A recent article from Reuters states that Pinterest is valued around $1.5 billion, after raising around $100 million in financing. Pinterest is in the long line of dot com companies that have received massive valuations (and been able to receive massive amounts of funding) without turning a profit. This trend has been occurring in the tech industry for decades, and some say that it is actually beneficial for the growth of new startups – they have the ability to focus on creating a product or service that people use instead of worrying about how whether or not they can afford to keep the business afloat. The ultimate goal is to start making revenue, bet acquired, or go public.
The conversation that everyone is having with Pinterest is the same one that people have been having with other “hot” dot com and tech businesses like Facebook (which is now a public company and must rely on Facebook ads for most of their revenue), Instagram (which was acquired by Facebook for $1 billion) and YouTube (which was acquired by Google for $1.65 billion). Large companies are always willing to pay a premium to acquire startups, which is why I think it’s possible that someone out there is willing to pay $1.5 billion for it. However, is it worth that much?

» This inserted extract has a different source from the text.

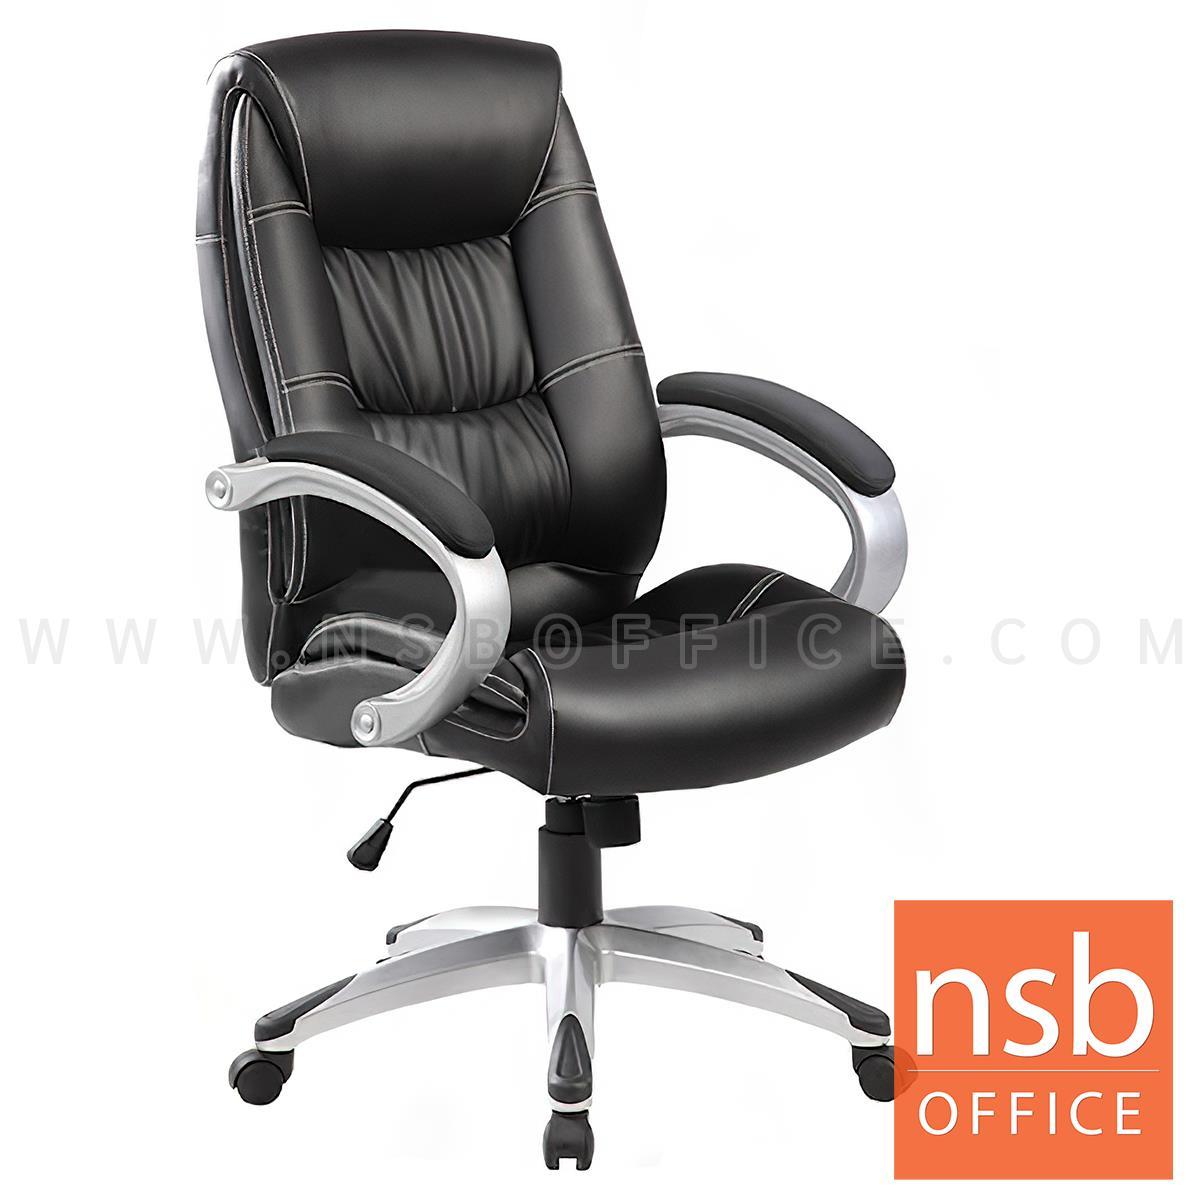 B01A527:เก้าอี้ผู้บริหาร รุ่น Scoville (สกอวิลล์)  โช๊คแก๊ส ก้อนโยก ขาอลูมิเนียม

From a literal standpoint, no, it probably is not. However, take into account more than just the monetary income that Pinterest could ever hope to generate and that price might be worth it. Take Instagram and YouTube for example. Facebook and Google did not purchase those companies because they thought they would be able to make back the money that was spent to purchase them in the short run. However, there are synergies between Facebook and Instagram, and Google and YouTube that do not appear on a balance sheet but are vital to each company. If a company does decide to purchase Pinterest, it will be for that reason, not because they expect it to turn a profit.